Cloud computing occurs when data is gathered and transmitted to a data center for processing. The transmitted data is also stored in the central server. All devices that need to access this data or use applications associated with it must first connect to this server. The devices need to be connected to the internet whenever there’s any need for transmission, processing, storage or retrieval of data.
The centralized nature of cloud computing means that processing time may be slower for devices that are not constantly connected to the internet or that have a lower bandwidth connection. The bandwidth costs involved in data exchange can also be high, which drives up the overall cost of computing mainly due to current on the market solutions.
Cloud computing is far superior in terms of power and capacity. There is a vast amount and variety of CPU/GPU computing power available in data centers which can be accessed and used on demand. This scalability feature is a huge benefit of cloud computing over edge computing.

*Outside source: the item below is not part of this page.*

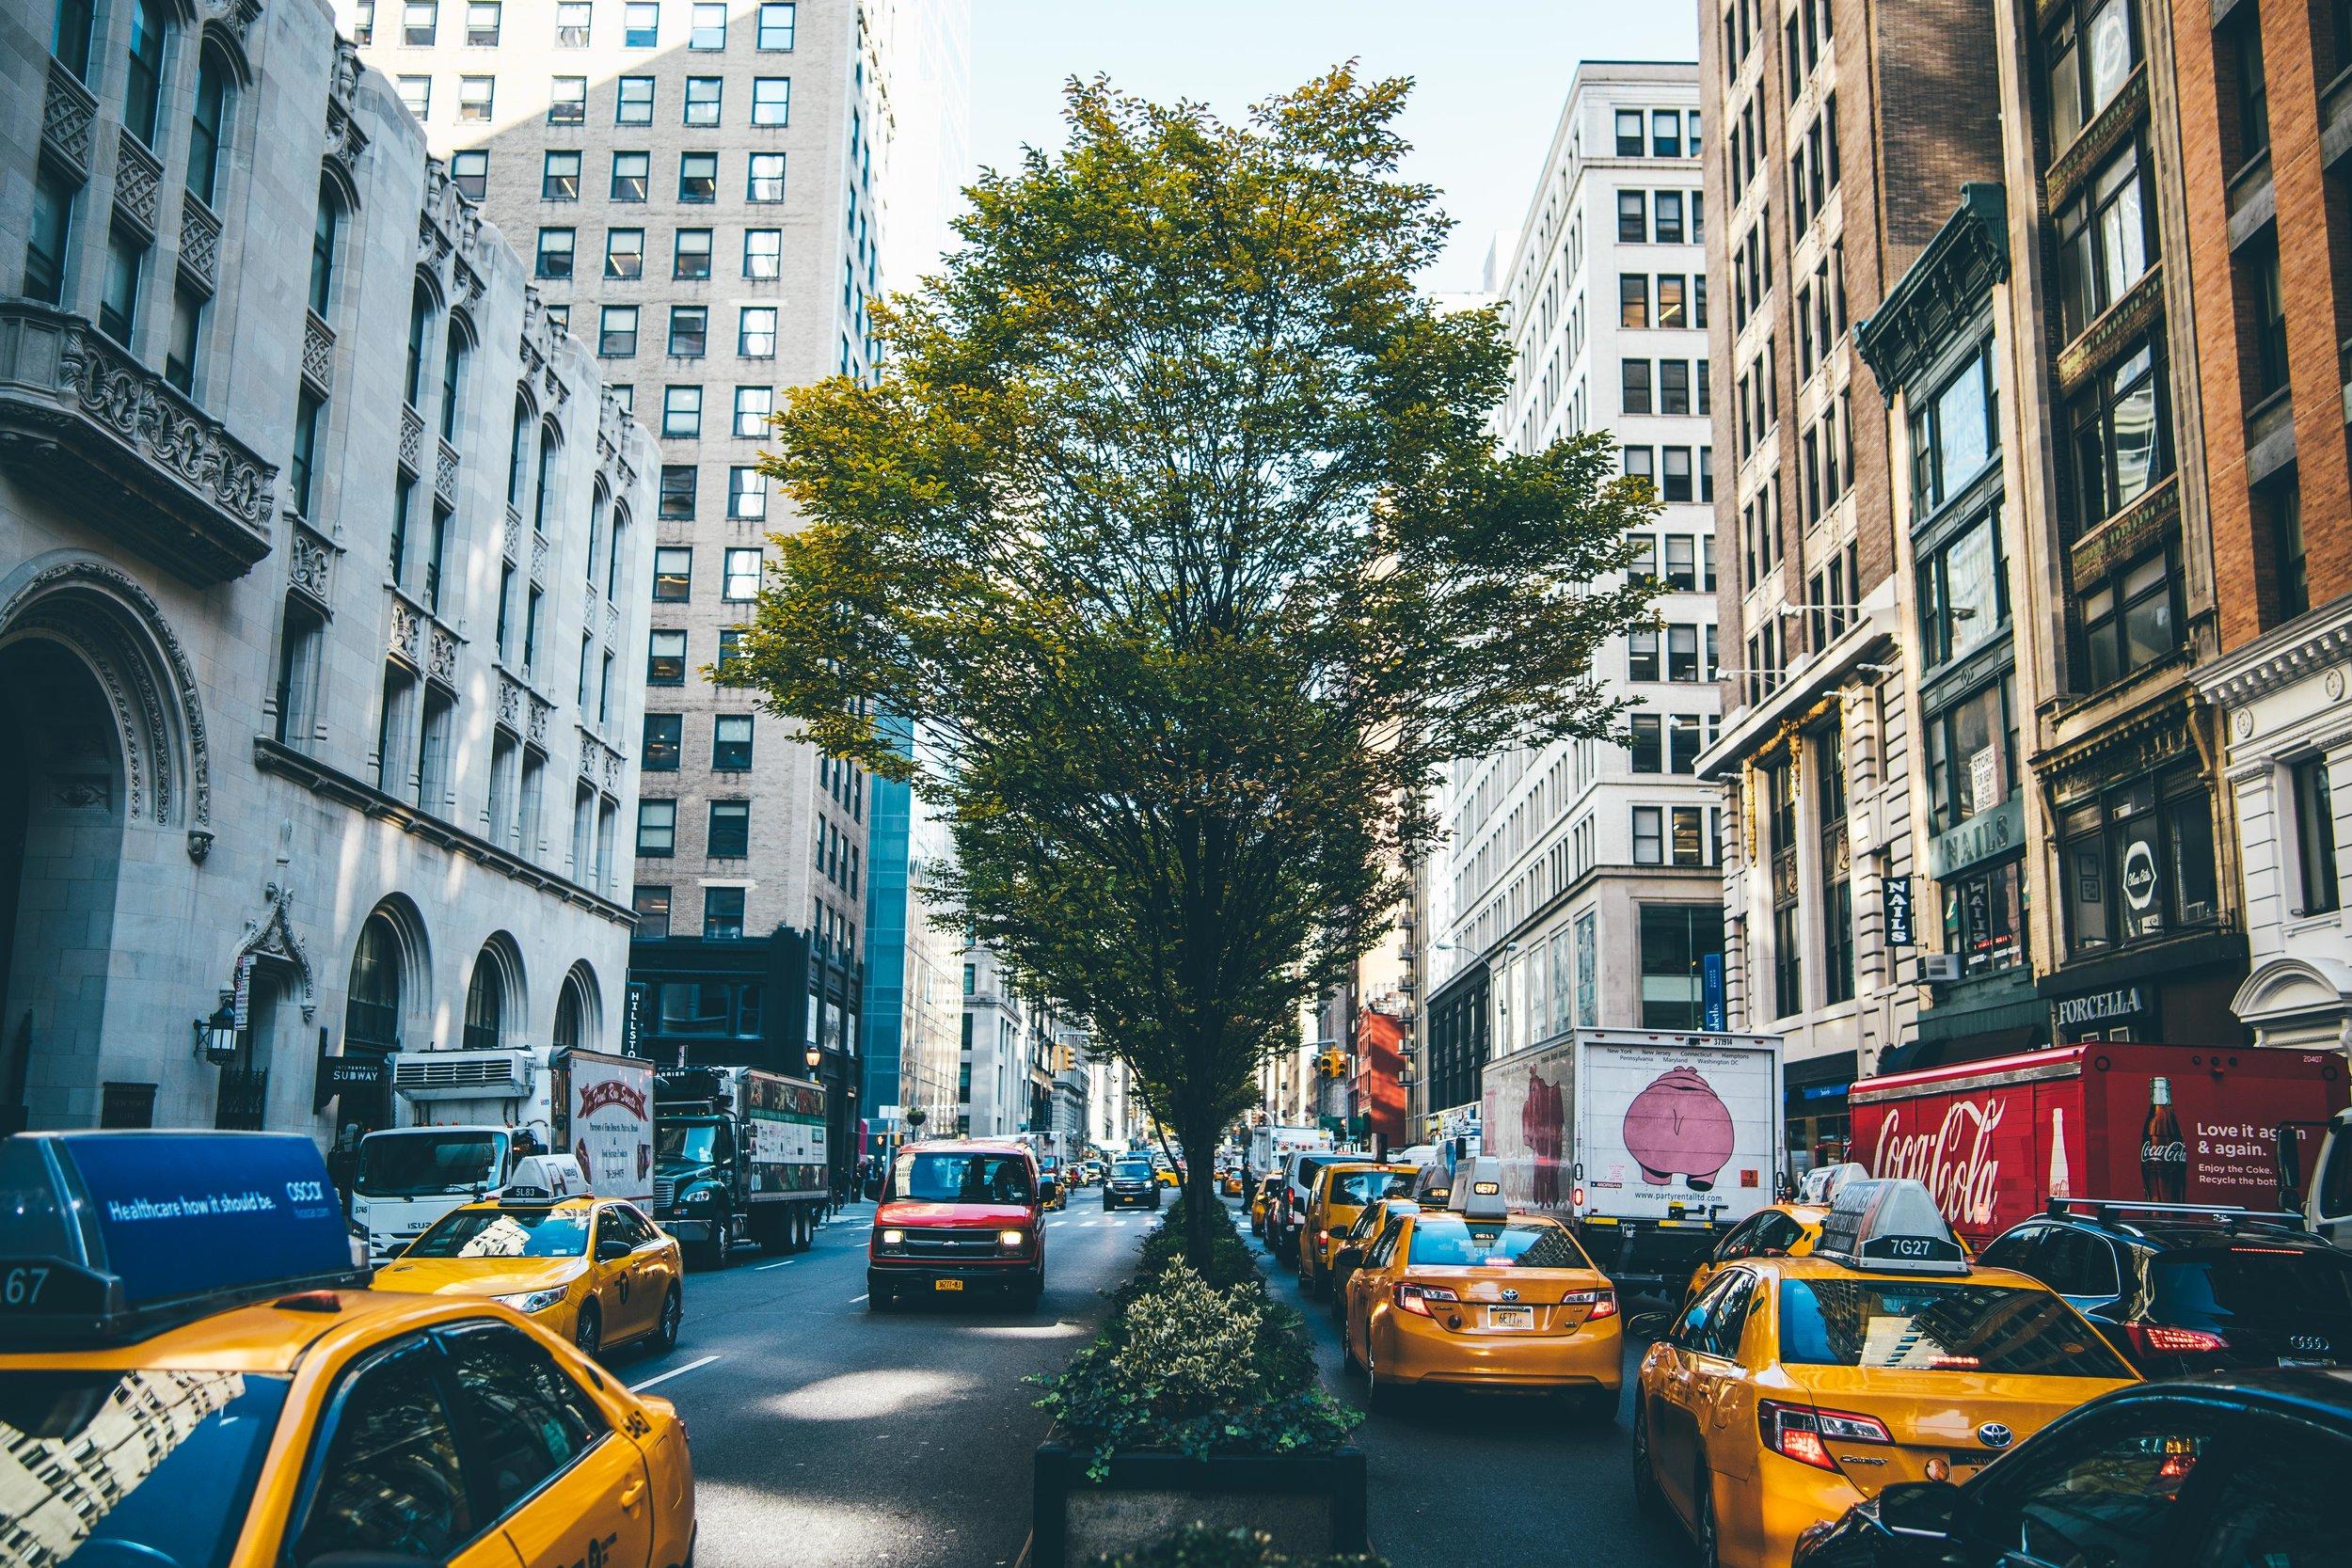 newyork-06758.jpg

Cloud computing also allows for gathering massive amounts of data and analyzing it in a variety of ways. This capability has allowed fields such as artificial intelligence, machine learning and computer vision to become viable business tools.
Drivers for Cloud computing include demand for IoT sensors and CCTV cameras that require analysis of large volumes of data from multiple sources to gain real-time insights.

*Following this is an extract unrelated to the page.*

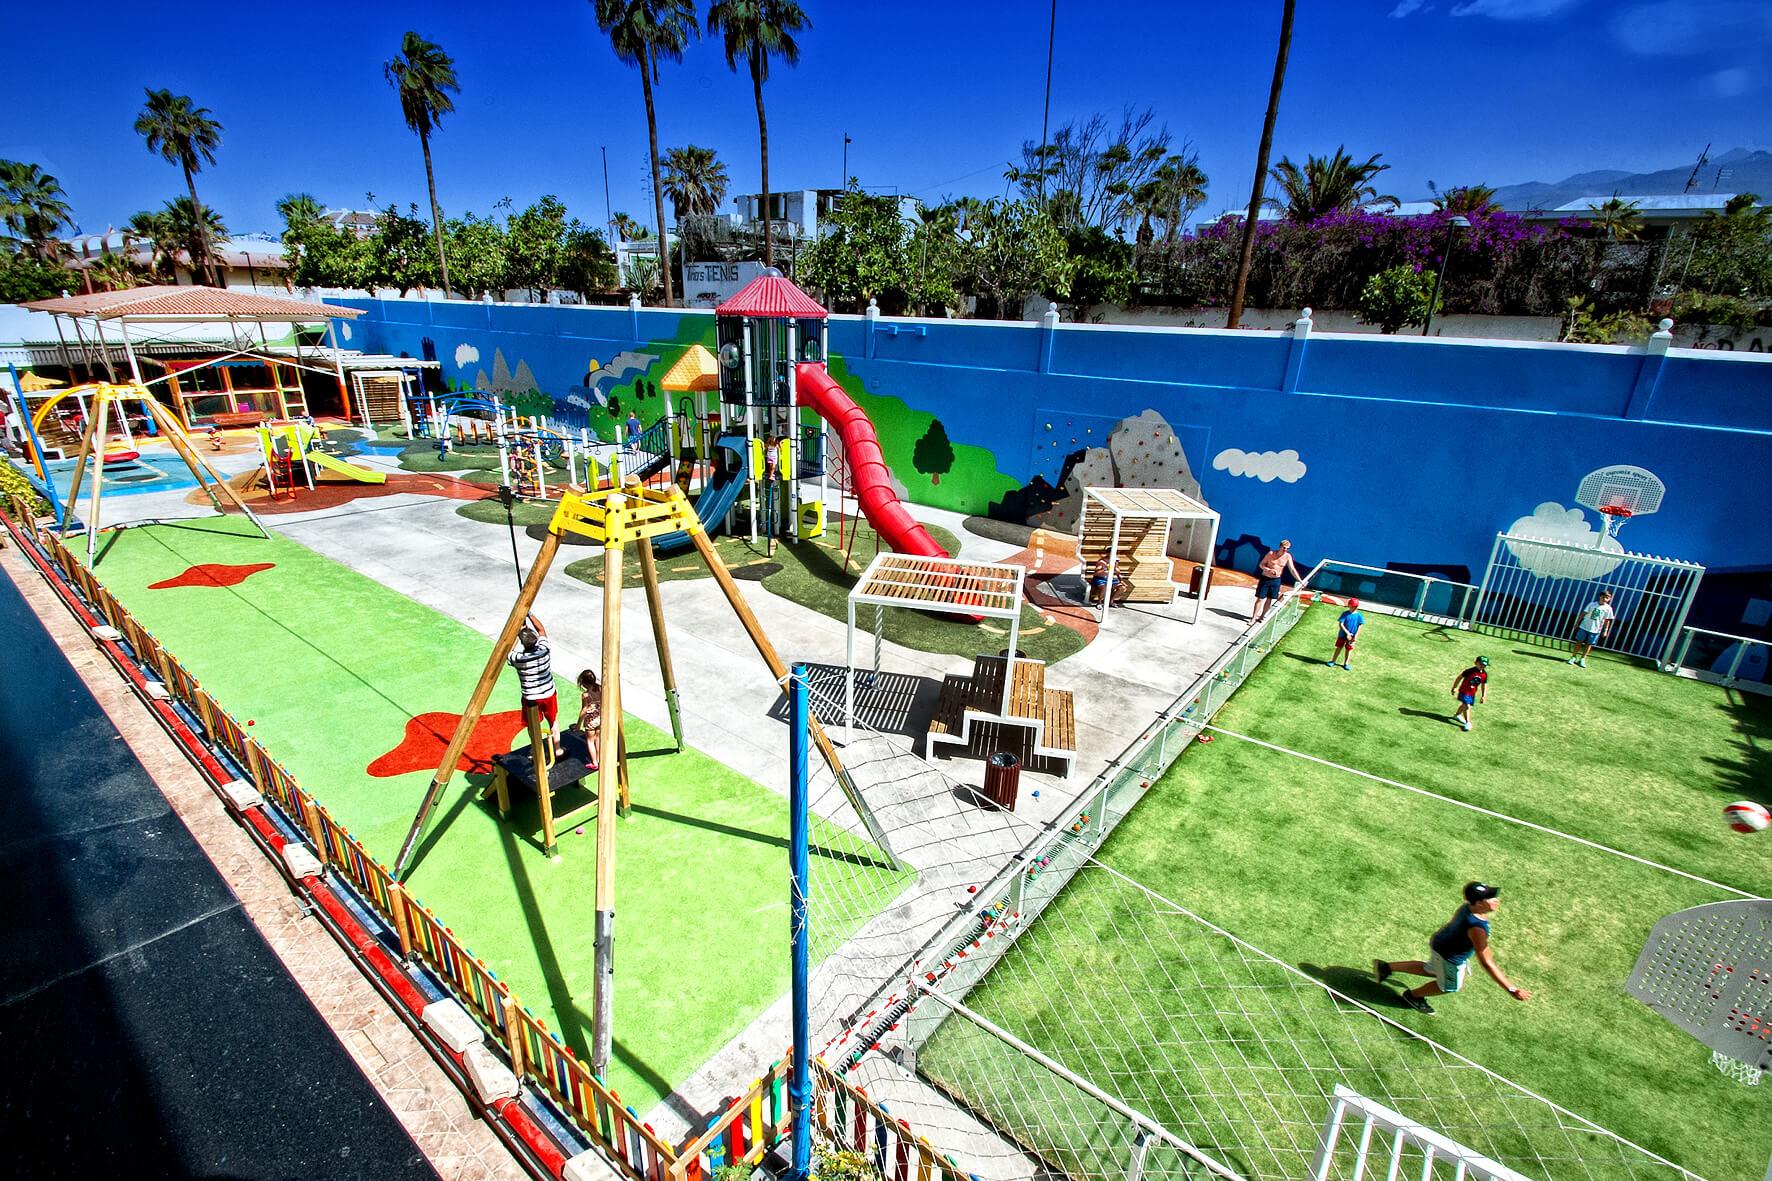 Spring Hotel Bitácora, un hotel con diversión para niños en Tenerife

Hybrid Approach & Chrysalis Cloud
By incorporating both approaches, a powerful and cost effective system can be built – maximizing the potential of both systems while minimizing potential limitations. This hybrid approach is becoming increasingly common.

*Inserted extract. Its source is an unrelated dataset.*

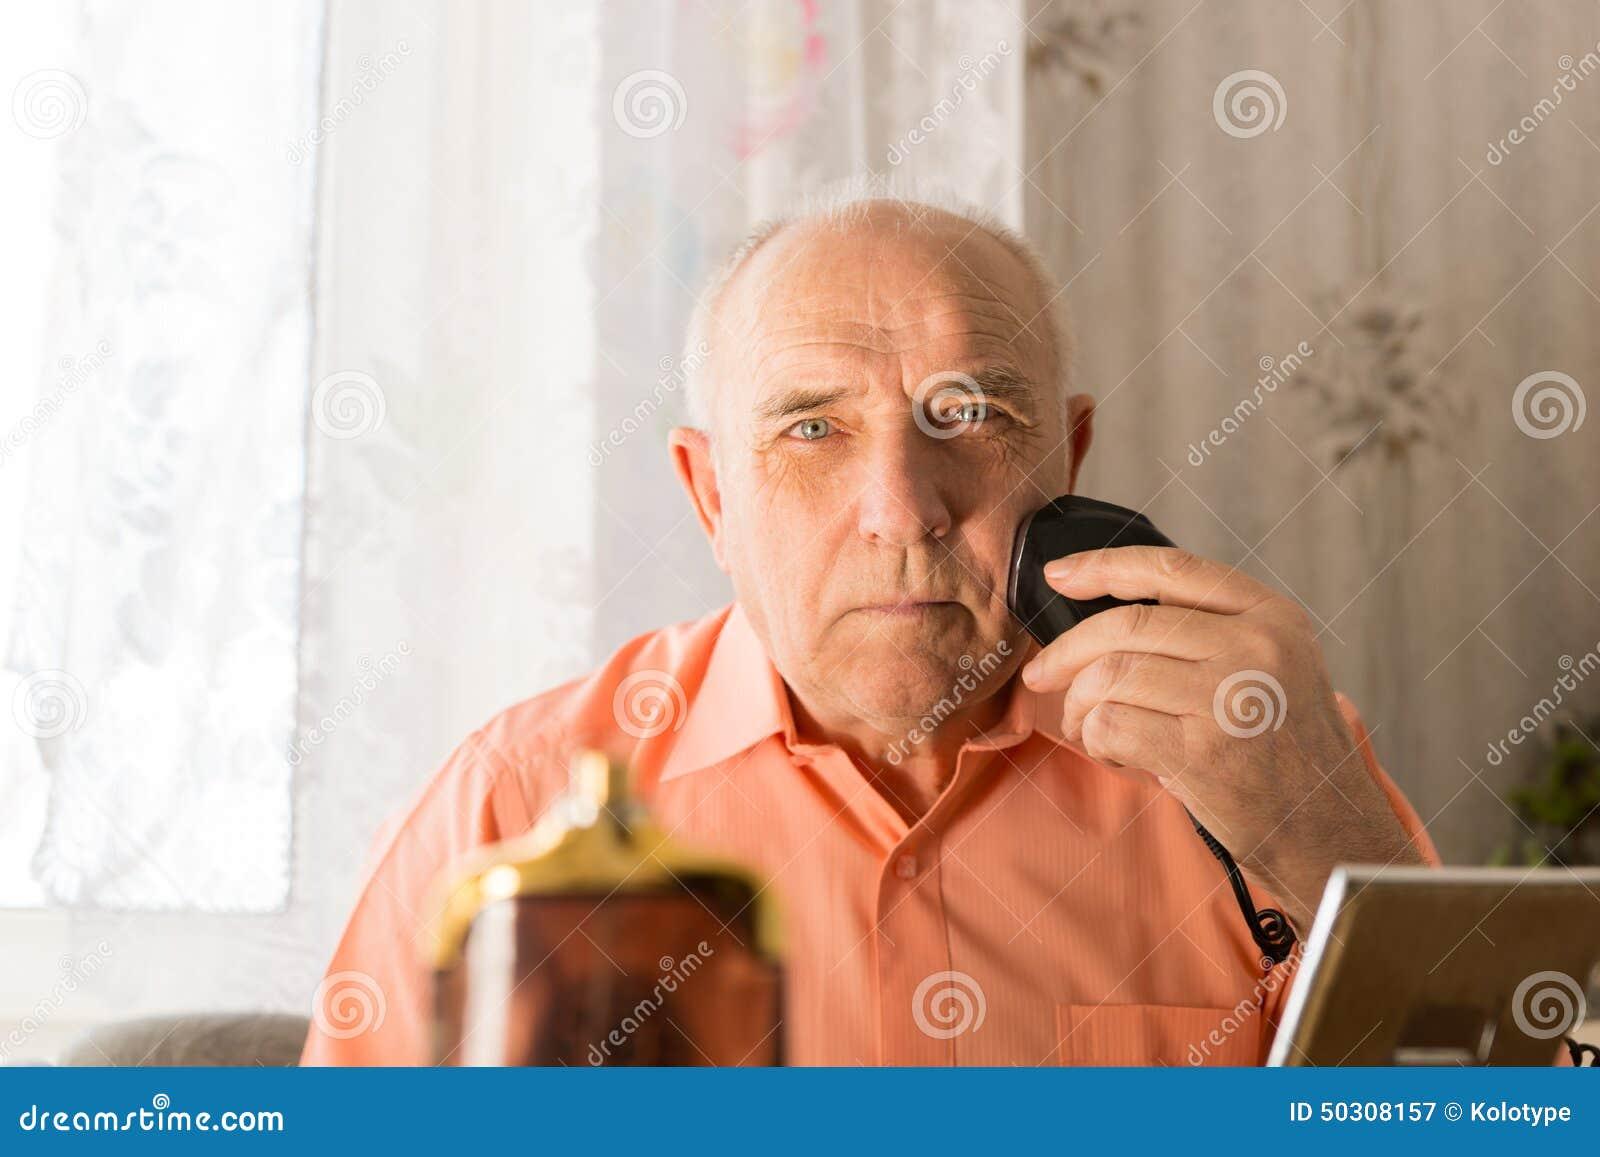 刮在面孔的老人头发与电剃刀图片

AI and CV applications require processing large amounts of data quickly. This data needs to be stored in a secure and structured way. Further, models need to be retrained constantly, which requires sending data to the cloud for processing centrally. Relying on a purely edge solution for AI and CV applications would be difficult and costly.
Given the number of potential use cases processing streaming video, creating a functional future-proof architecture is key. Use cases include any instance where surveillance from a remote camera is happening: in-store retail intelligence, real-time facial recognition and security, medical monitoring, object and brand detection, robotics, etc.
At Chrysalis Cloud, we have created a set of solutions that allow our customers to take a hybrid approach OR a purely cloud approach.
The innovative edge solution from Chrysalis Cloud- the “Chrysalis Cloud Edge-AI Proxy”- allows users to ingest multiple video streams and has a common interface for conducting AI operations on or near the Edge. This an easy-to-use collection mechanism from multiple cameras onto a single more powerful computer. For example, a network of CCTV RTSP enabled cameras can be accessed through a simple GRPC interface, where machine learning algorithms can do various computer vision tasks. Furthermore, interesting footage can be annotated, selectively streamed and stored through a simple API for later analysis, computer vision tasks in the cloud or enriching the machine learning training samples.
The proprietary streaming architecture from Chrysalis Cloud, the “Chrysalis Cloud SDK”, is specifically designed for cloud. This SDK provides easy and powerful control over live media streaming consumption and ingestion into various machine learning libraries in the cloud. This platform has sub second latency when streaming to the cloud (compared to similar systems like AWS Kinesis) and at a fraction of the cost. We have developed an innovative easy-to-use collection mechanism from multiple cameras onto a single more powerful computer at the edge, where machine learning algorithms can do various CV tasks.